**Material for this task**
========================================================================

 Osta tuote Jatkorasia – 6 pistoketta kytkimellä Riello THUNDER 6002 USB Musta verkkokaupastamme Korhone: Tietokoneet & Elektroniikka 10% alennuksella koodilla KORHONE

========================================================================

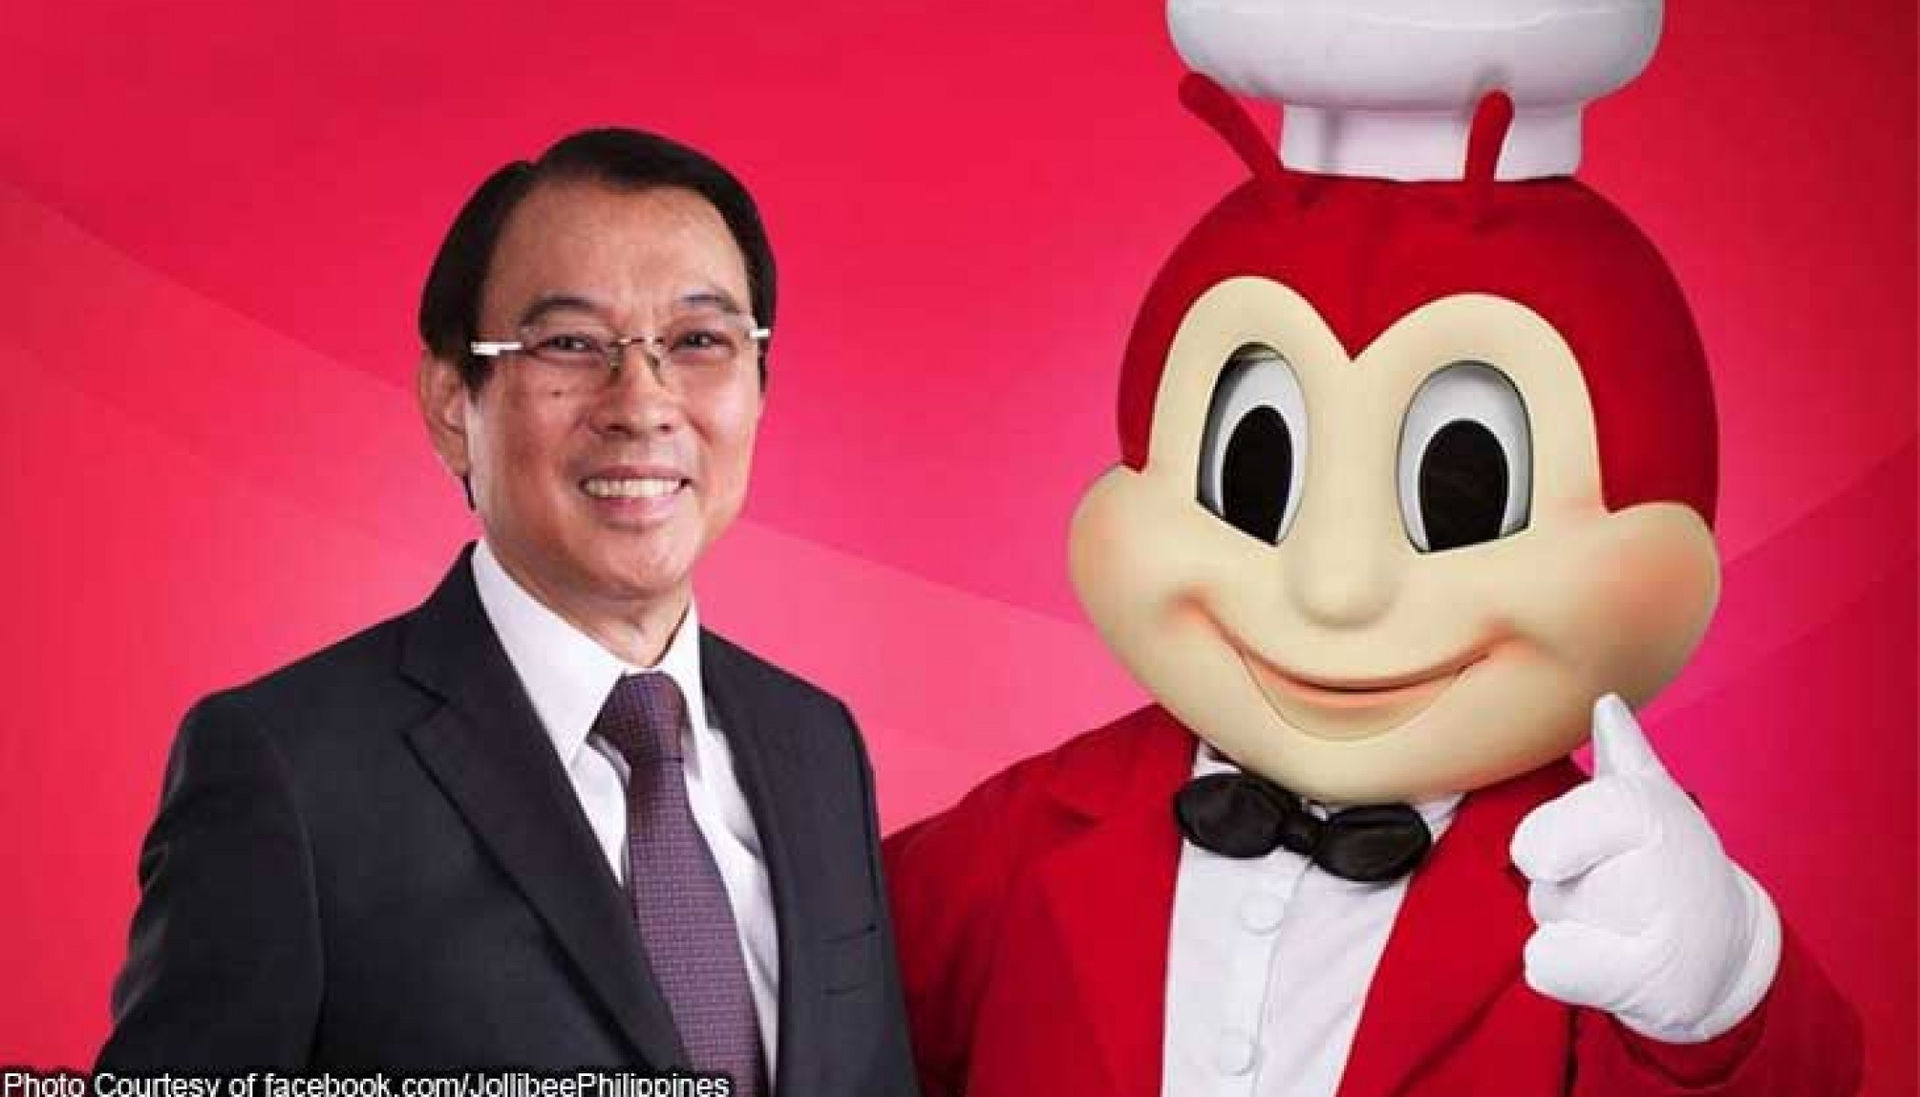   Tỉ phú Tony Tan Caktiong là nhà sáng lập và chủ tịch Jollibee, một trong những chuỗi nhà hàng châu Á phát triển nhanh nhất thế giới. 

========================================================================

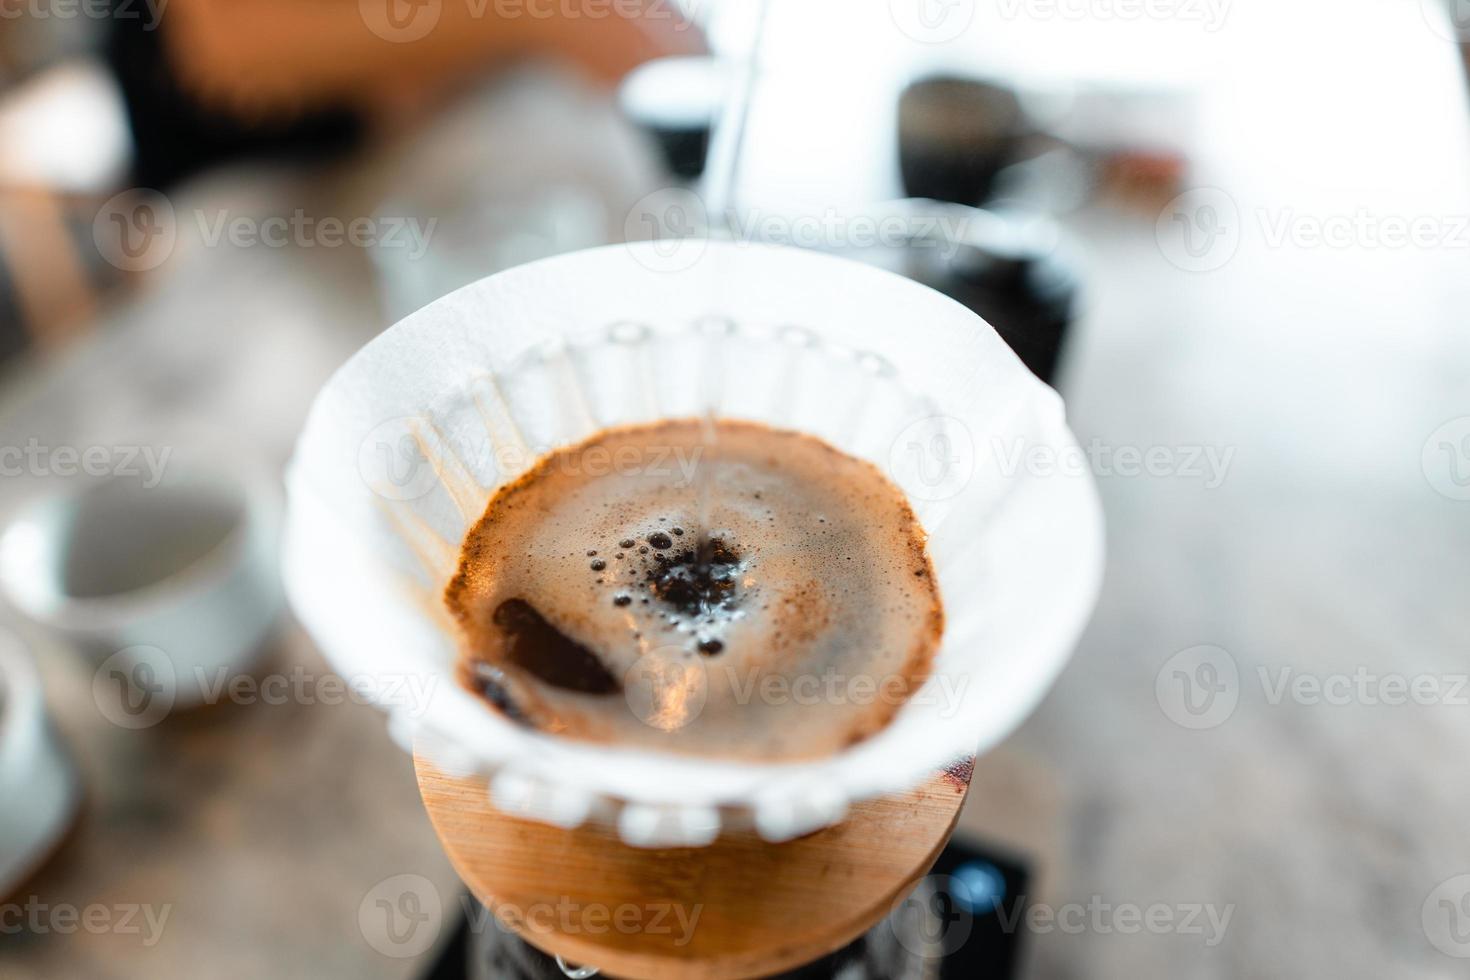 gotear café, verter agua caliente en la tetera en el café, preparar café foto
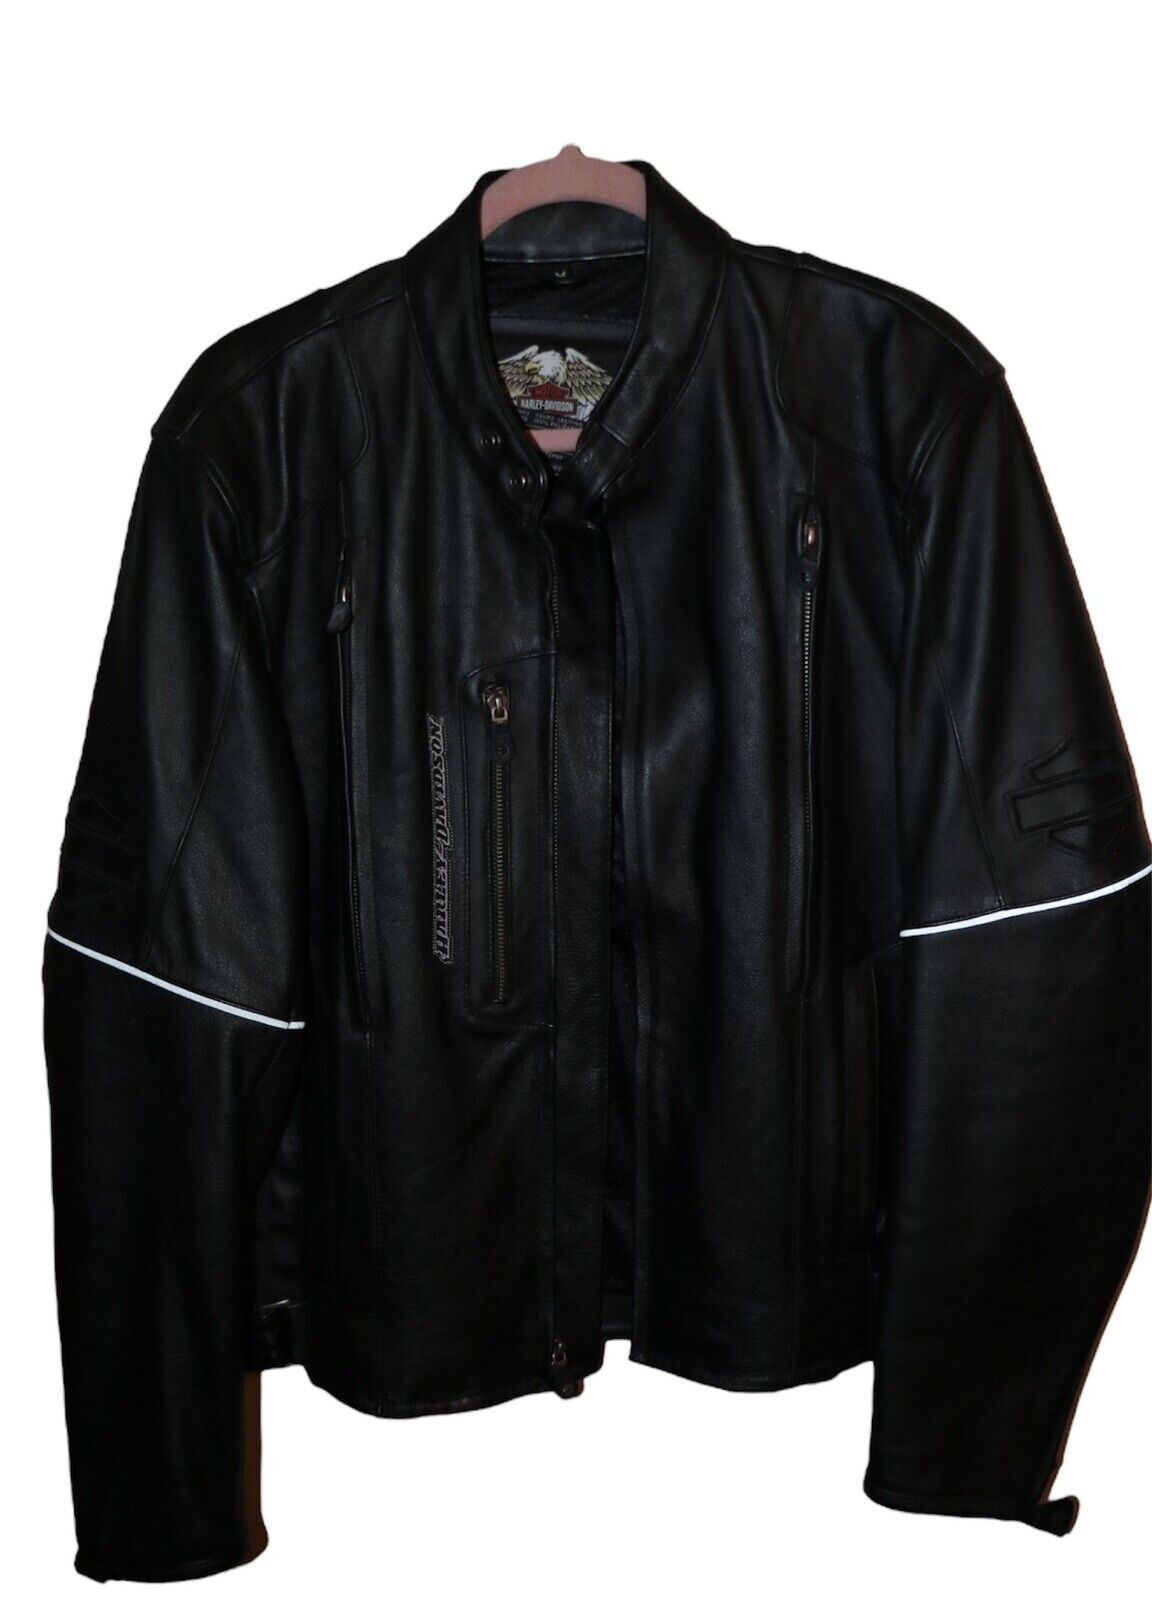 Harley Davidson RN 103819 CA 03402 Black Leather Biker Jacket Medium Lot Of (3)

========================================================================

**Exercise**
Among the entries above, locate the line with "gotear café, verter" and the line with "Harley Davidson RN". Give those two lines and all lines between them again, exactly, leaving out the pictures.

**Your solution**
 gotear café, verter agua caliente en la tetera en el café, preparar café foto
 Harley Davidson RN 103819 CA 03402 Black Leather Biker Jacket Medium Lot Of (3)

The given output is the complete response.